The word literally means ‘vapor’ - like the fog on those summer dawns that burns away with the sunrise.
This is another common theme in the prophets - that the gods of the surrounding nations, the gods Israel and Judah worship in forming all these political alliances, don’t exist.
They’re empty nothings.
And the prophets want us to know one core truth: You are what you worship.
What we give our allegiance to matters.
What we set as our north star, our guiding light, matters.
Because we become what we worship.
SONG
We are what we worship.
God’s complaint against the people in Jeremiah’s day was that they were two-timing God.
While they continued to give lip-service to Yahweh, they made their bed with the gods of the nations around them.
We should be really clear about this: the nation of Judah never stopped offering sacrifices in the Temple.
They kept all the holidays and feast days.

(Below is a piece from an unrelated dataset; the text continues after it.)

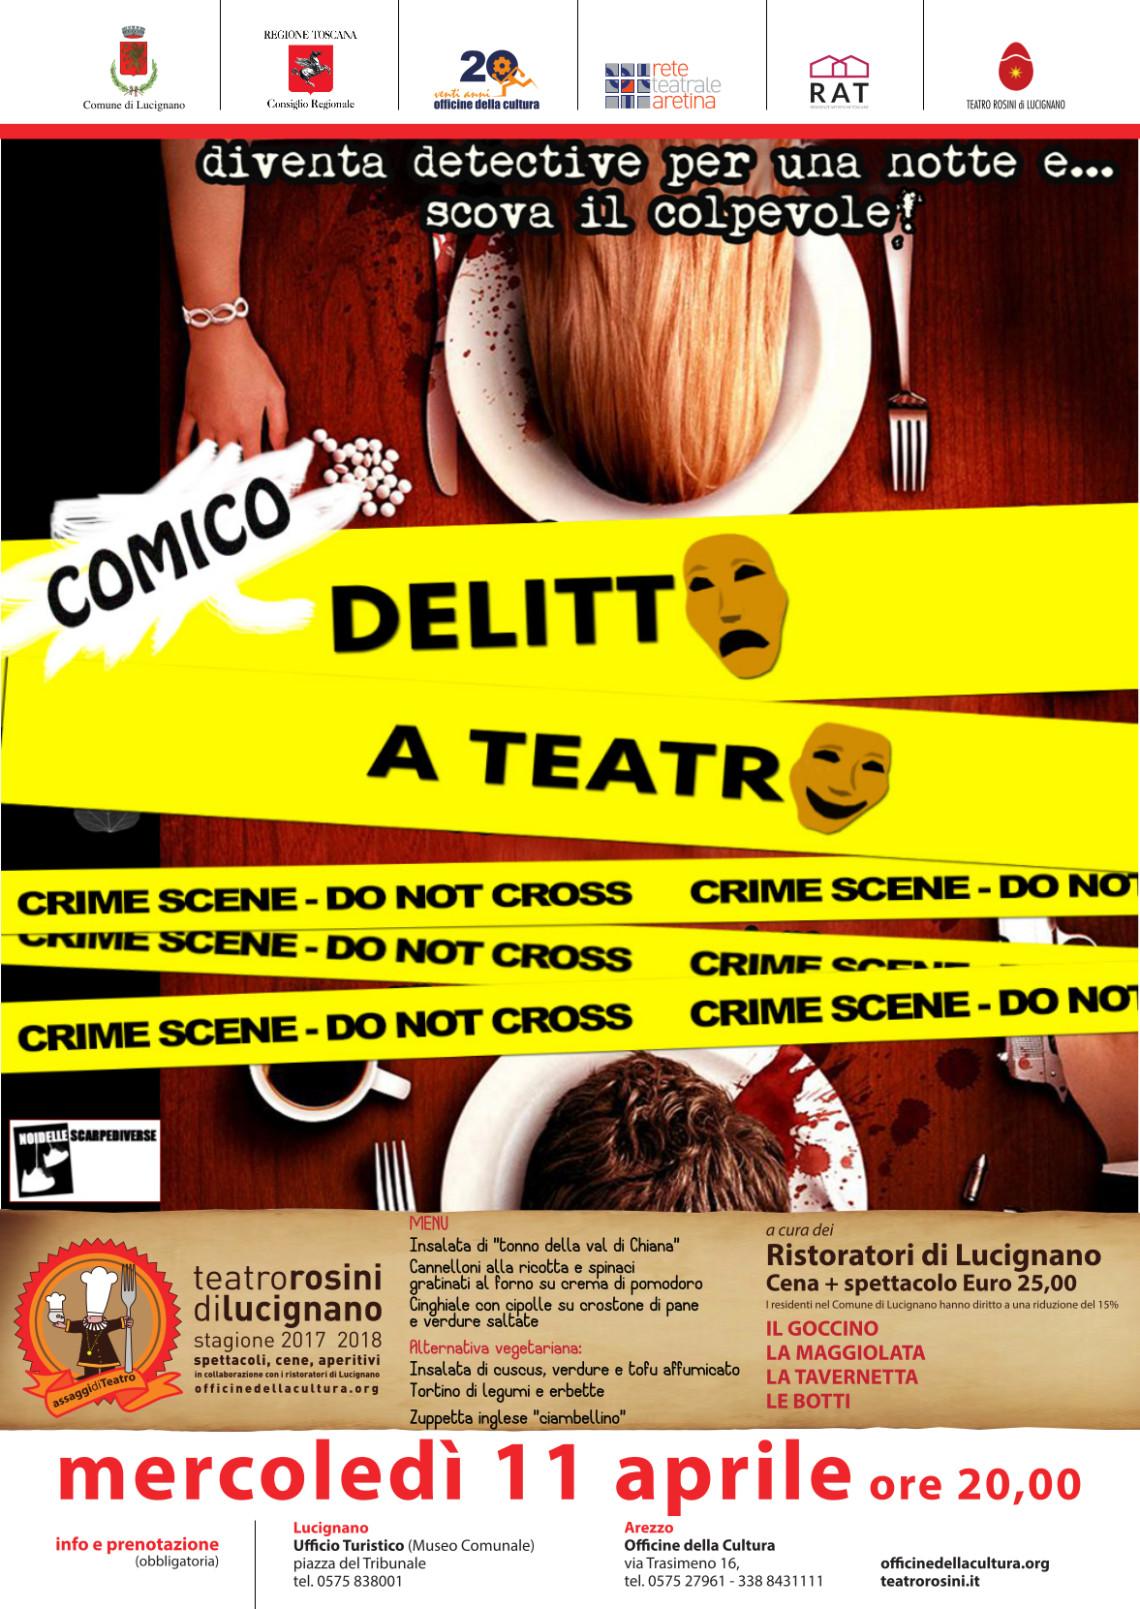 tr-locandina-delitto-a-teatro-copia-1
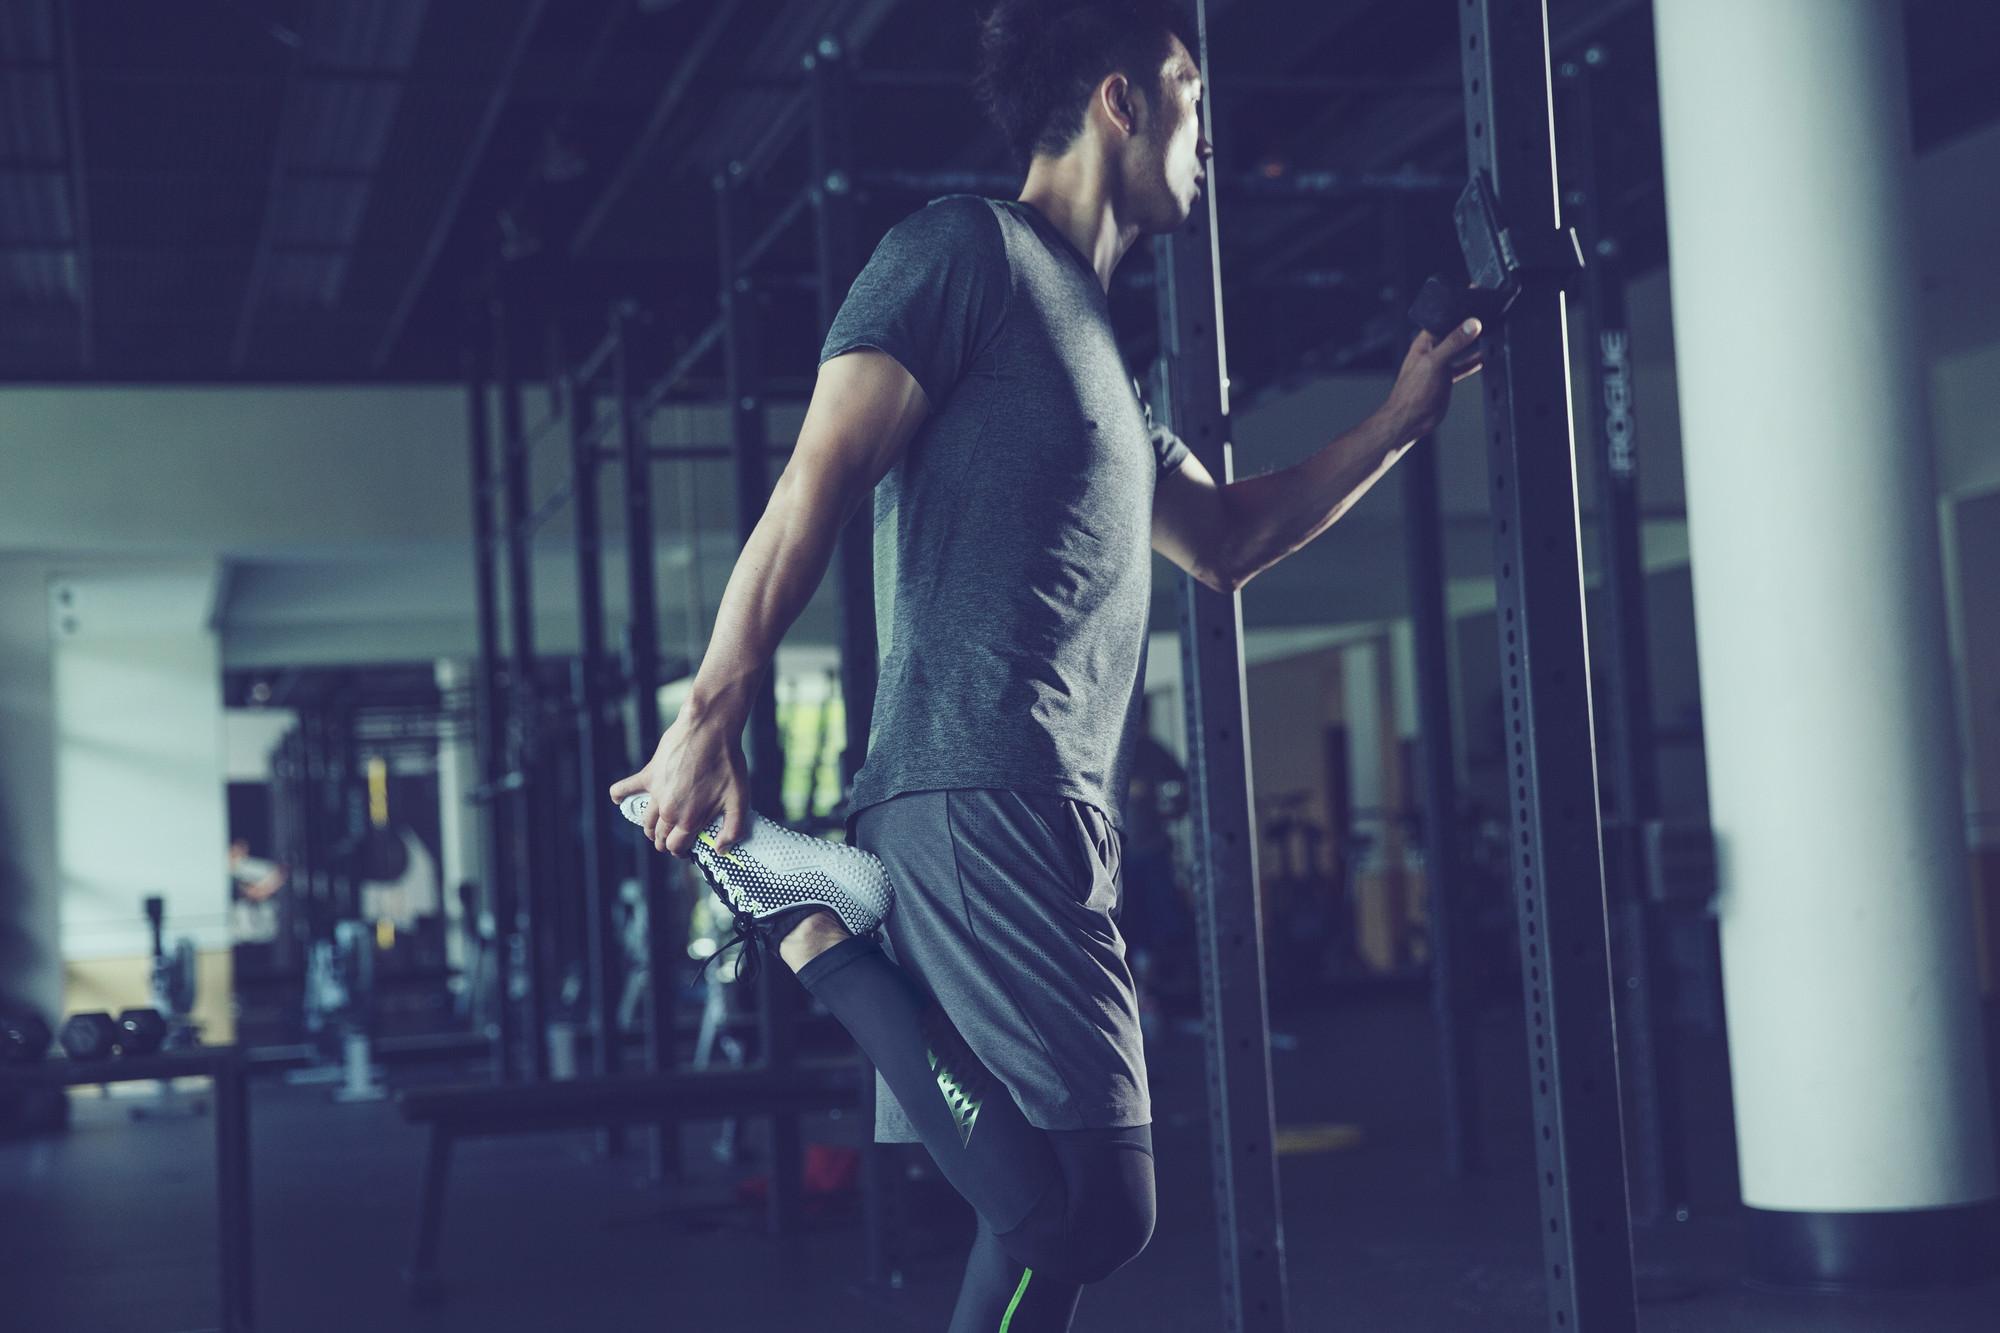 Nike Free Barefoot Training Shoe

They observed the Sabbath.
If you’d asked them, they likely would’ve said they were still worshiping Yahweh.
Which begs the bigger question, “How do we know who we’re worshipping?”
The prophets’ answer was provocative - You are what you worship.
In other words, if we look at your life, we can probably tell who you’re worshipping.
Because you’re going to look like them.
In Jesus’ ministry, he used a tree metaphor.
We’re trees, and our worship plants us in certain soil.
If we’re worshipping Yahweh, we’re going to bear fruit consistent with Yahweh’s way.
If we’re not, we’re going to bear fruit that doesn’t look like Jesus at all.
So in Jeremiah’s day, you could see what the people were worshipping by looking at the world they created.